Mozambican actress (born 1969)

Lucrécia Paco (born 19 October 1969) is a Mozambican actress. She is considered to be one of the most acclaimed actresses in Mozambique.

==Biography==
Paco grew up in Maputo. As a child, she enjoyed singing and dancing to the traditional music, which was severely repressed at the time before Mozambique's independence in 1975. Paco was beaten at school for using traditional languages. After independence, the socialist government encouraged artistic groups, and she participated by singing, dancing, and reciting poems.

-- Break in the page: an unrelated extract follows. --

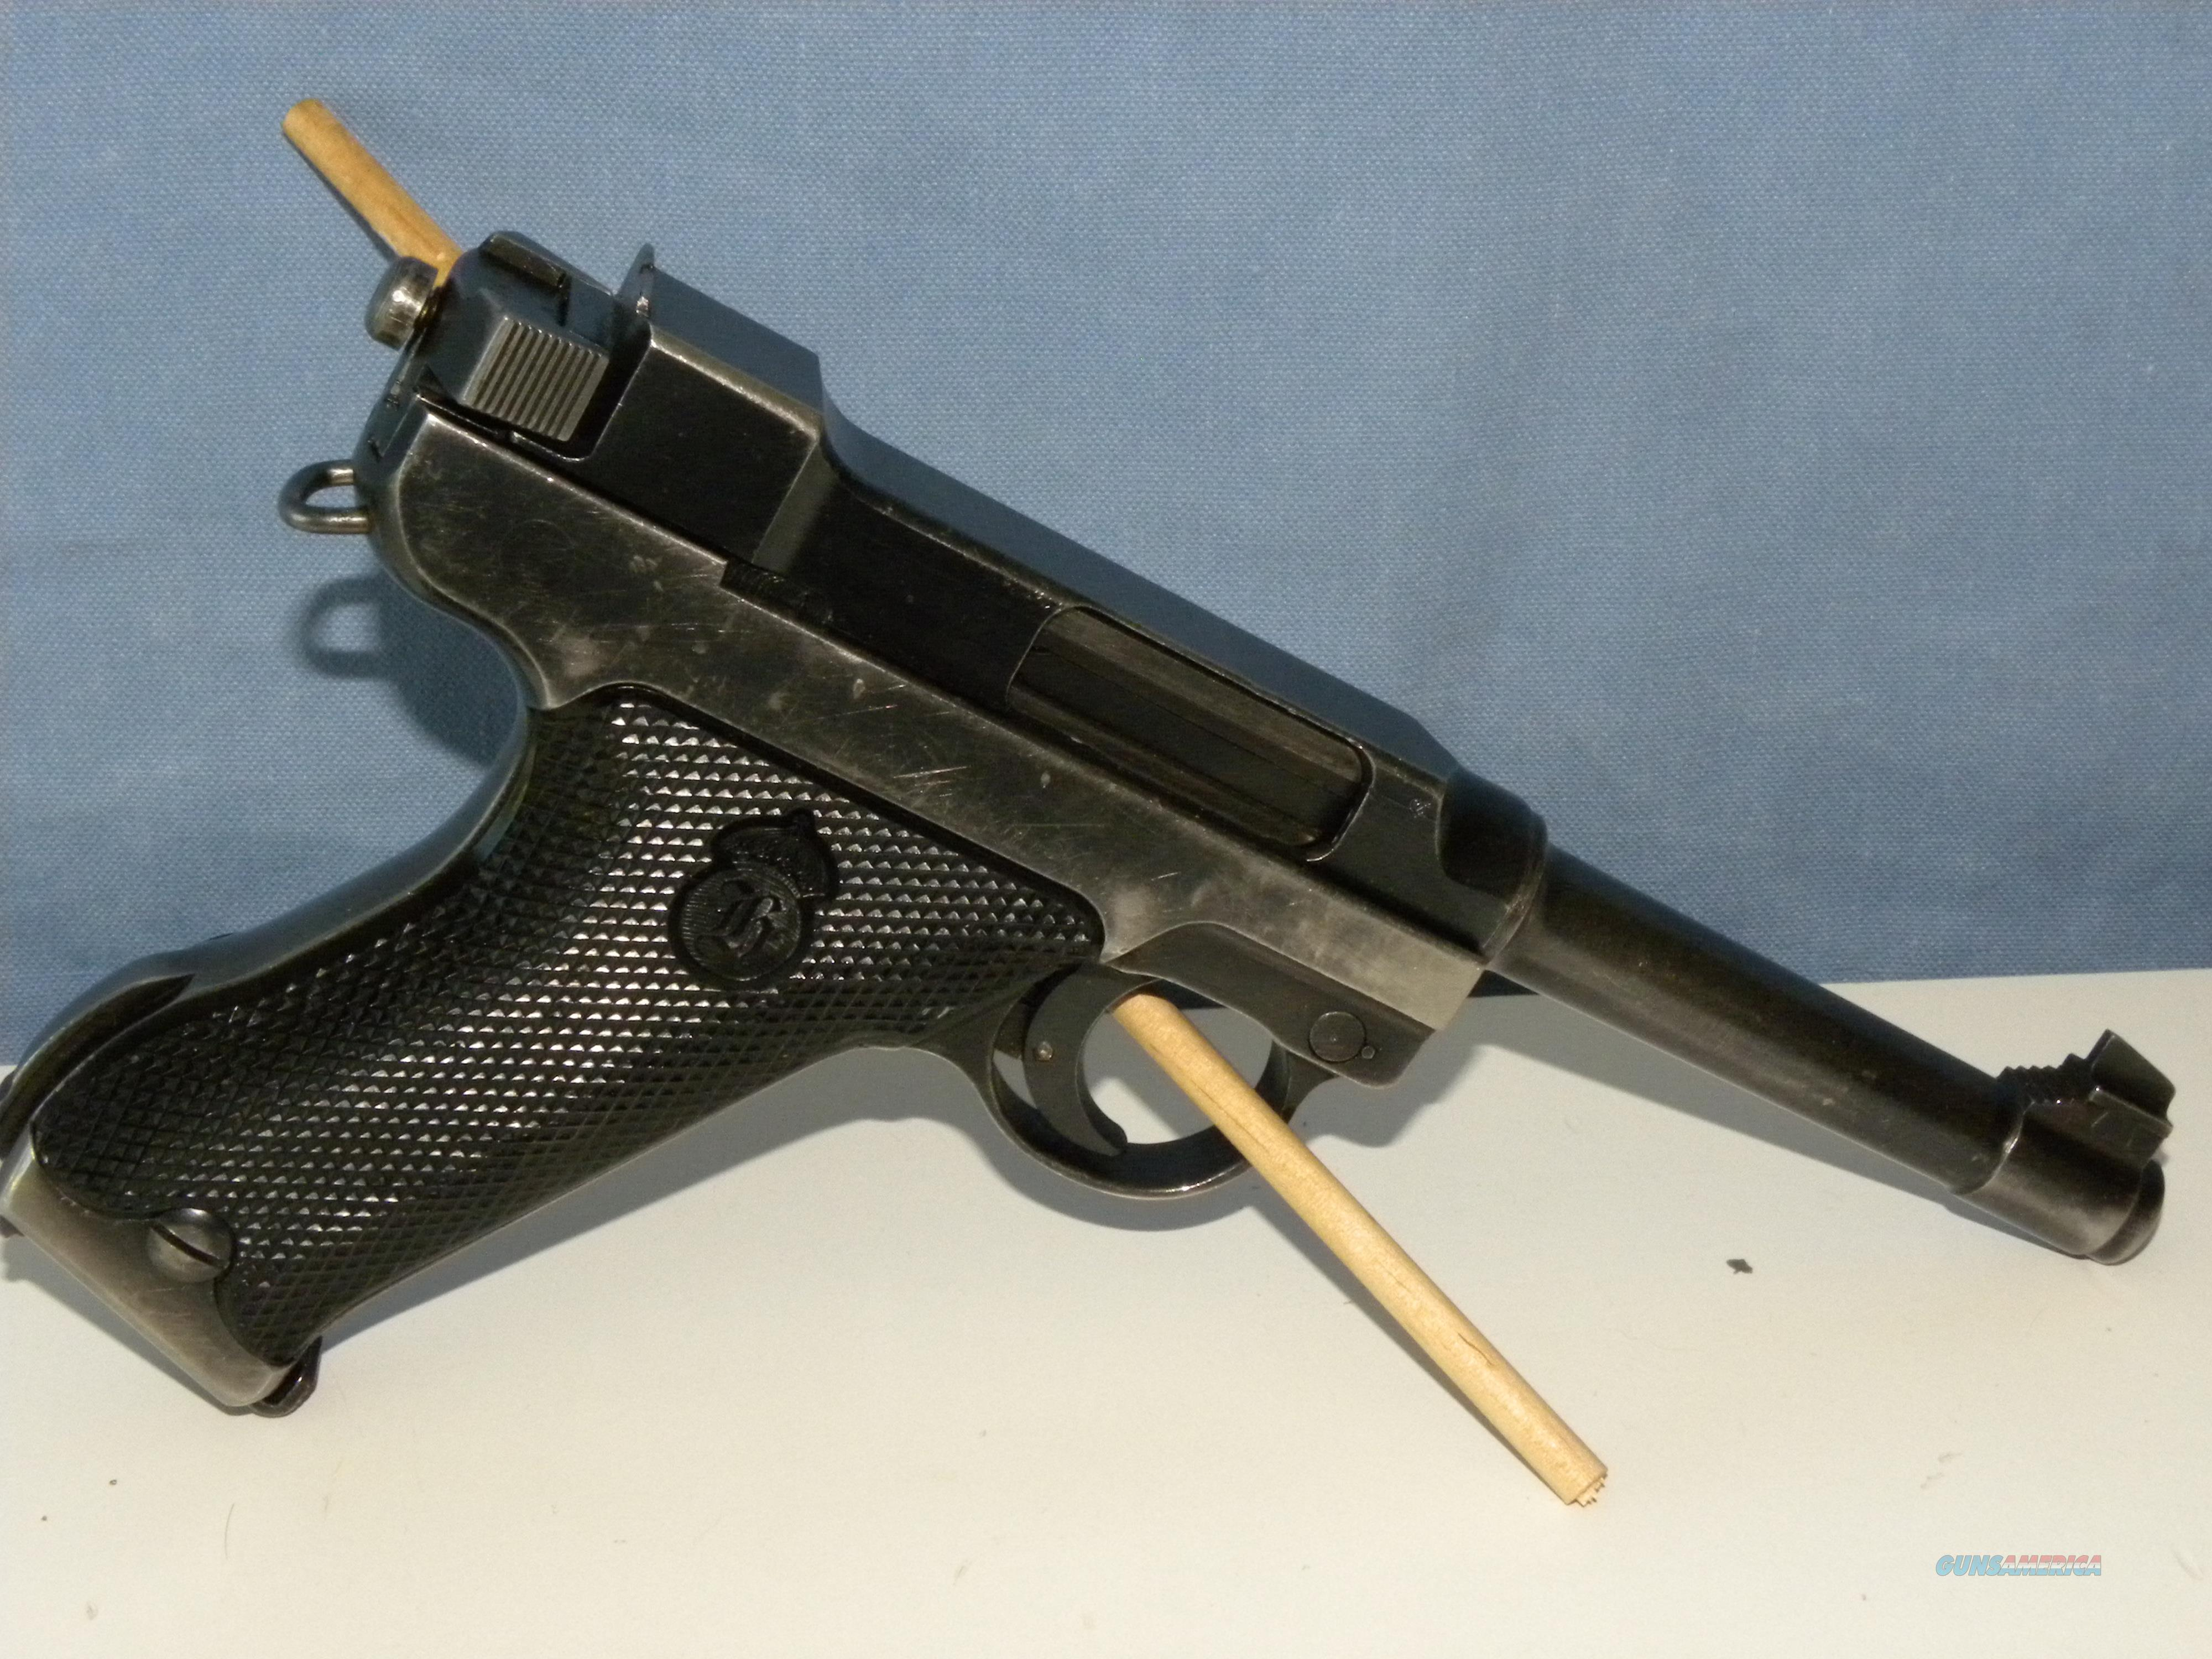 Husqvarna M40 9mm Swedish Pistol  Guns > Pistols > Husqvarna Pistols

During the Mozambican Civil War, Paco turned her attention towards theater as a form of political action. She was featured in the 1984 documentary Maputo Mulher. In 1986, Paco was one of the founders of the Mutumbela Gogo troupe, the first professional theater troupe in Mozambique which is still ongoing today. She was influenced by the many Soviet films that she watched, and created short plays about what it was like to be Mozambican. In order to support the theater group, Paco and other members founded a bakery.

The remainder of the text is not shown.